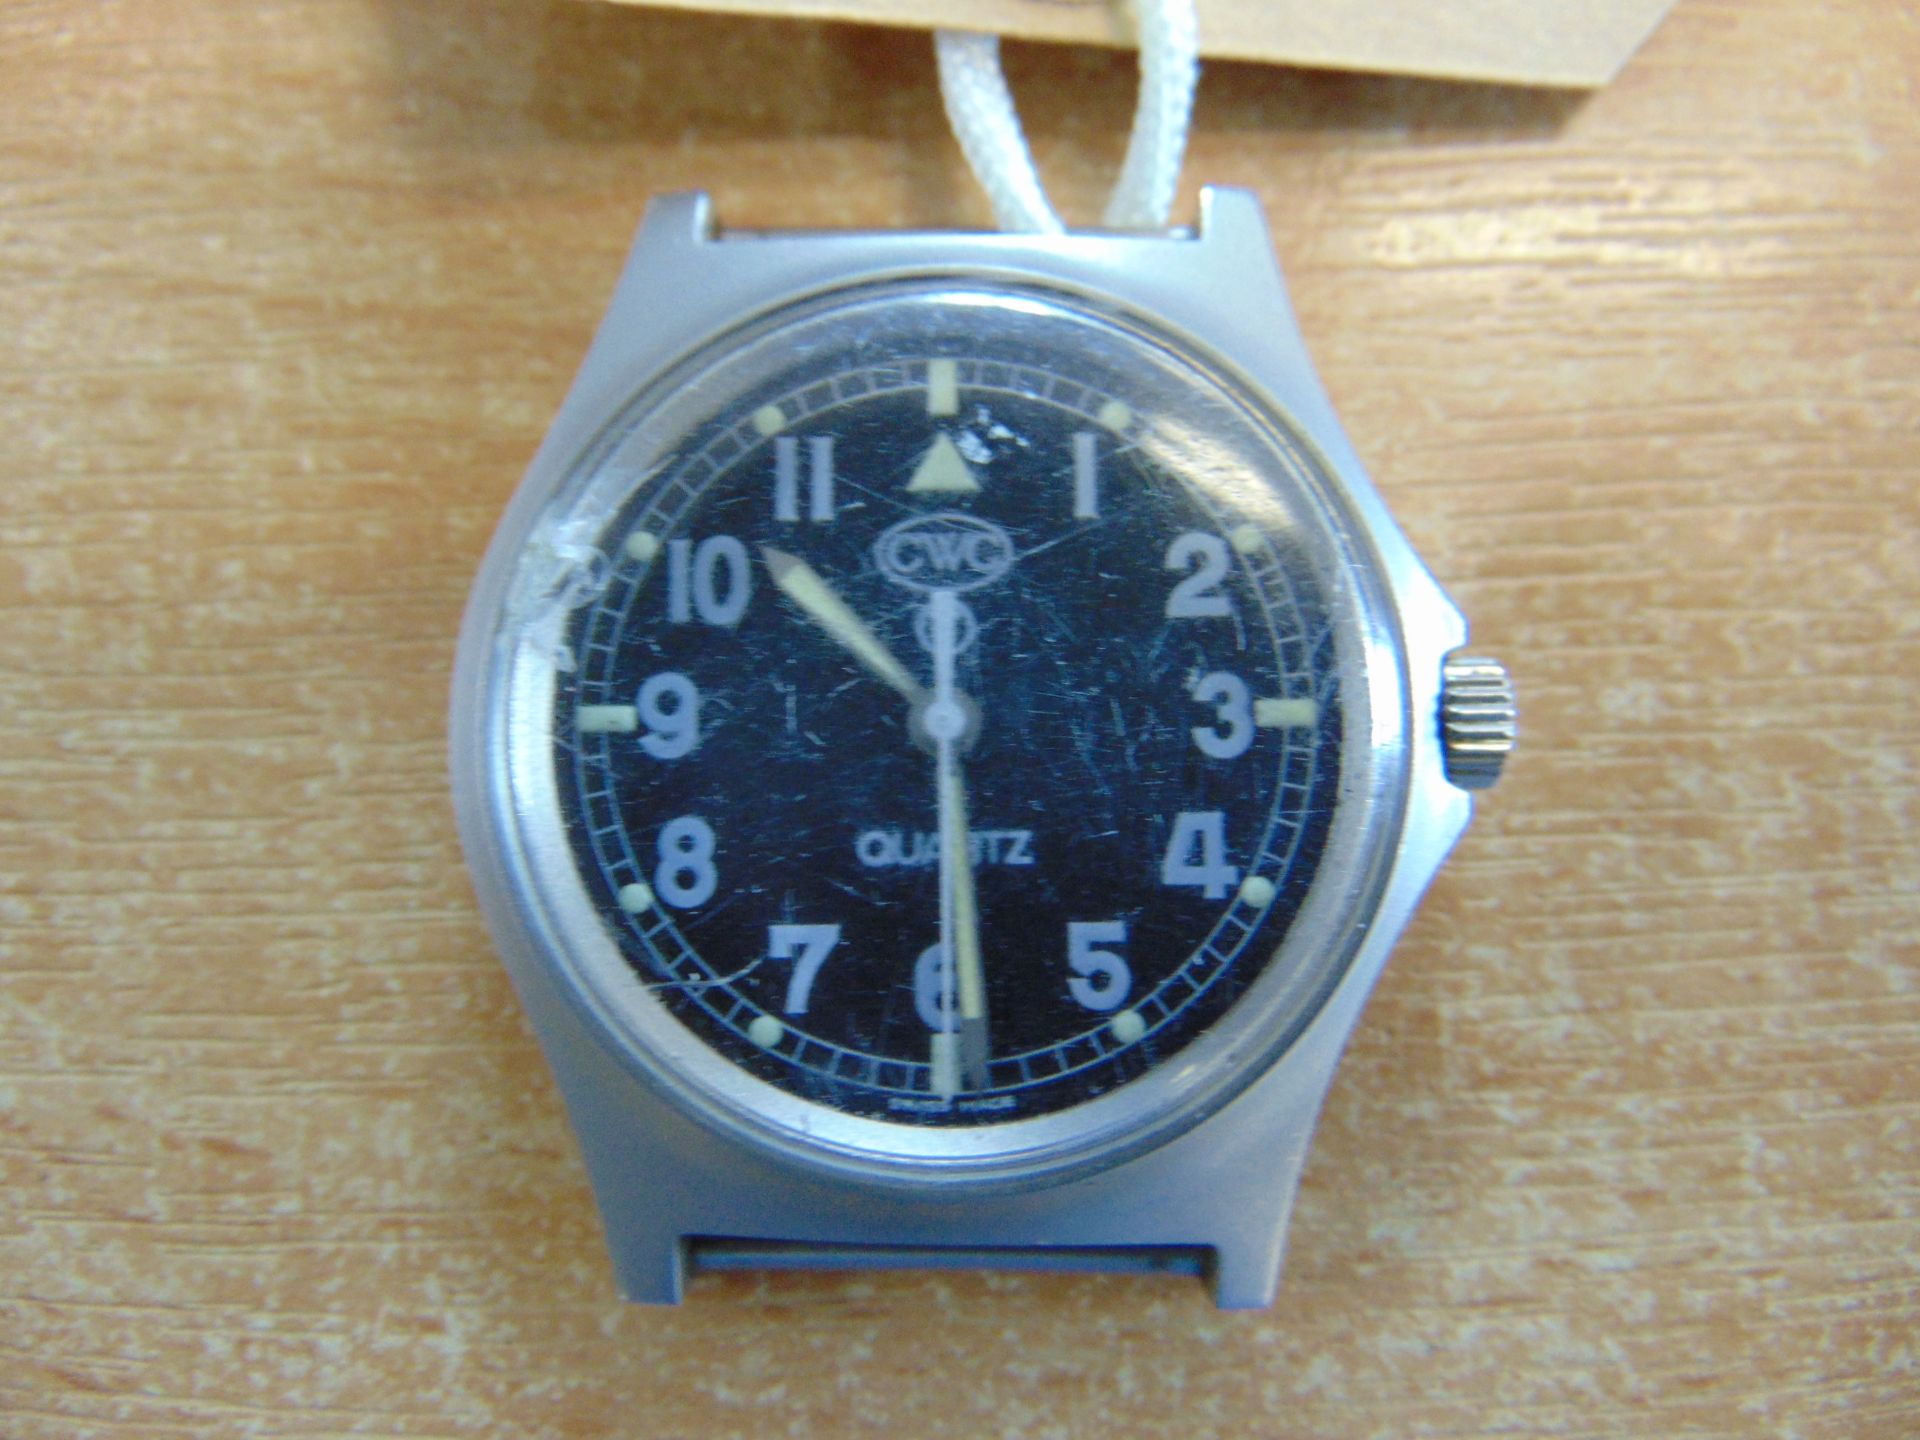 Rare CWC 0552 Royal Marines Issue Service Watch Nato Markings, Date 1990, Gulf War 1. Small Chip - Image 2 of 4
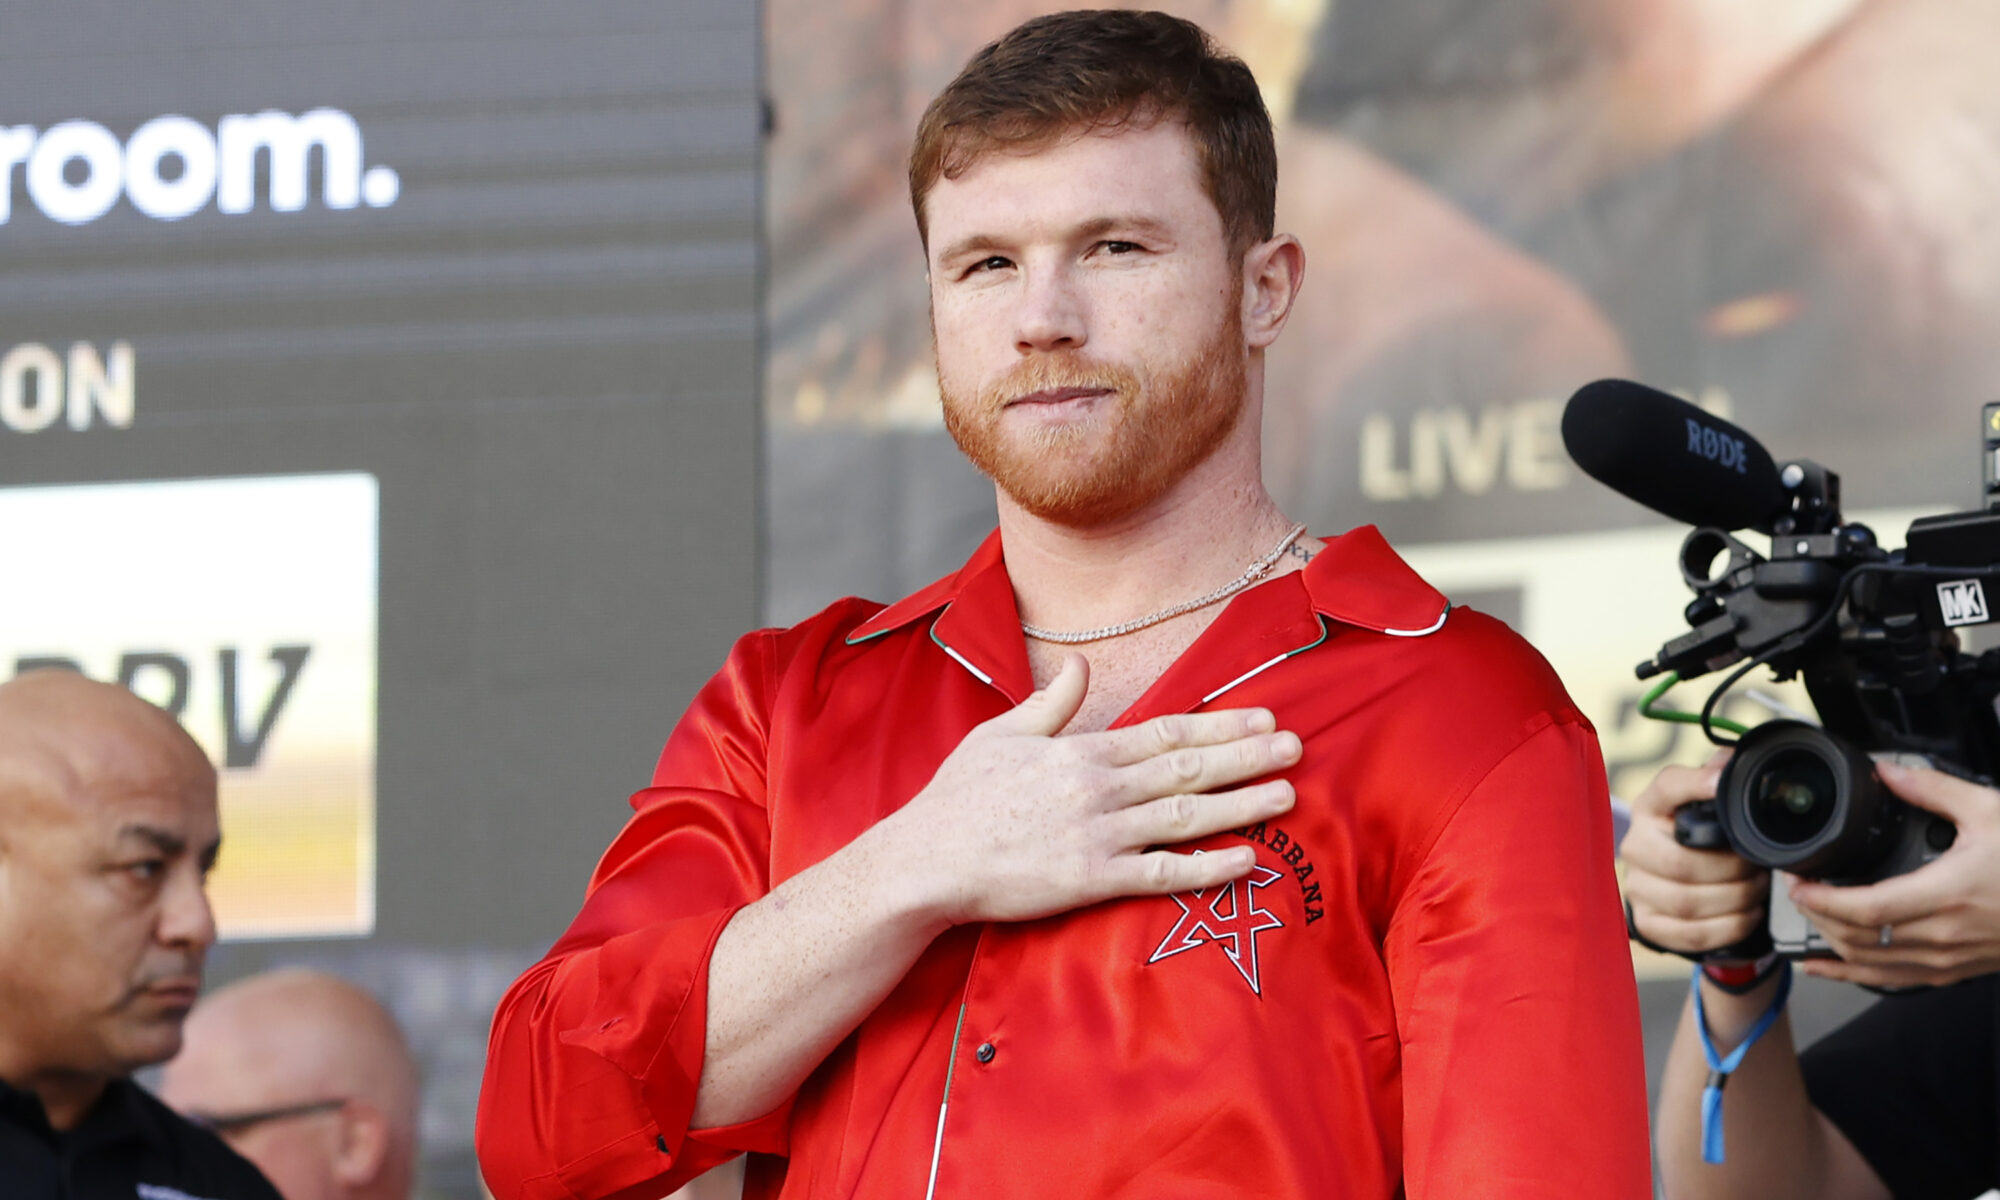 Canelo Alvarez apologizes to Lionel Messi, Argentina over attacks: ‘I got carried away by the passion’
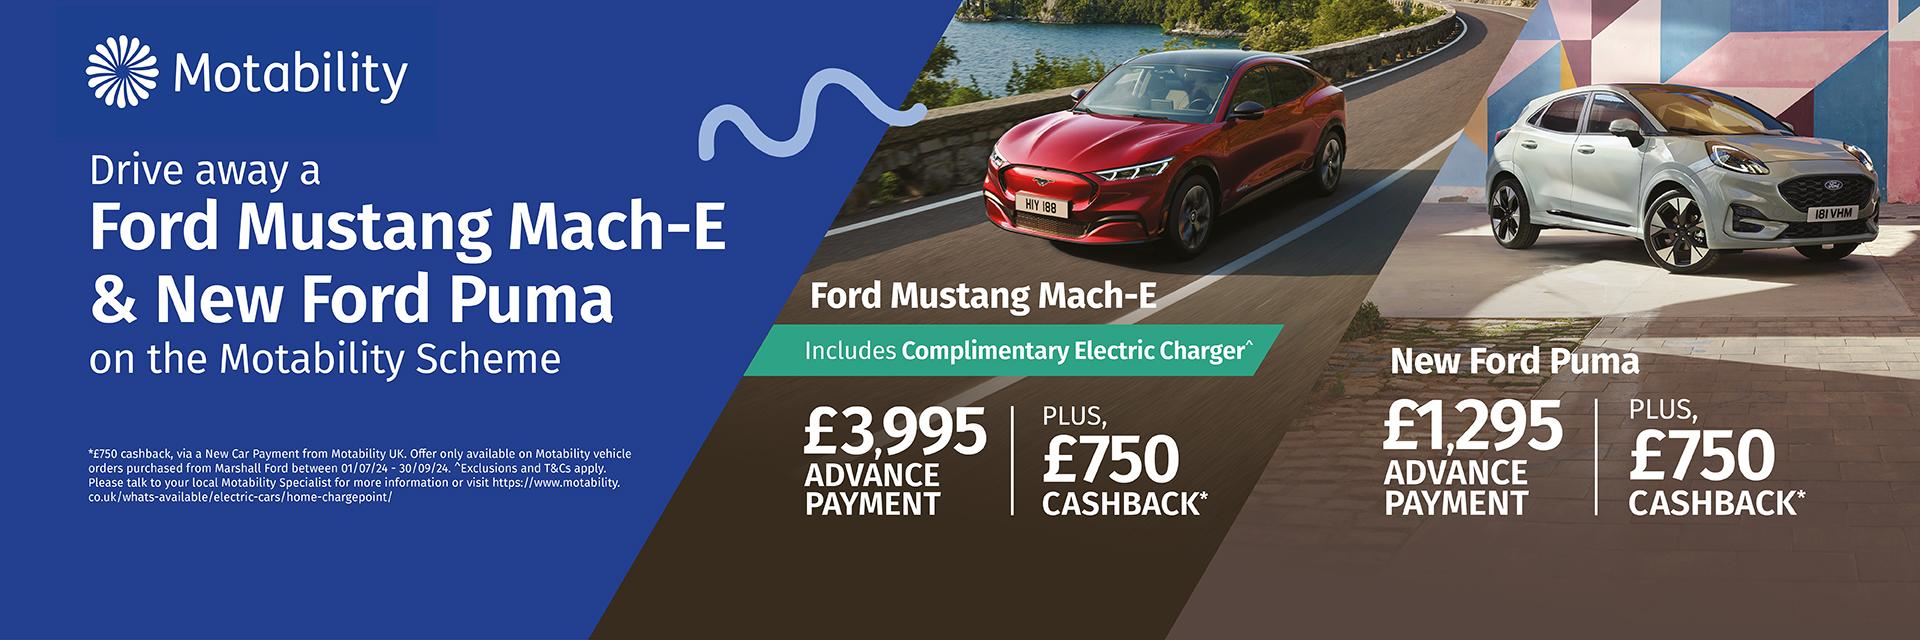 Marshall Ford Motability Offers

## WHAT YOU WILL DO
If the listing above includes images, copy every line of it exactly except those images.

## FINAL ANSWER
 Rare CWC 0552 Royal Marines Issue Service Watch Nato Markings, Date 1990, Gulf War 1. Small Chip - Image 2 of 4
 Canelo Alvarez apologizes to Lionel Messi, Argentina over attacks: ‘I got carried away by the passion’
 Marshall Ford Motability Offers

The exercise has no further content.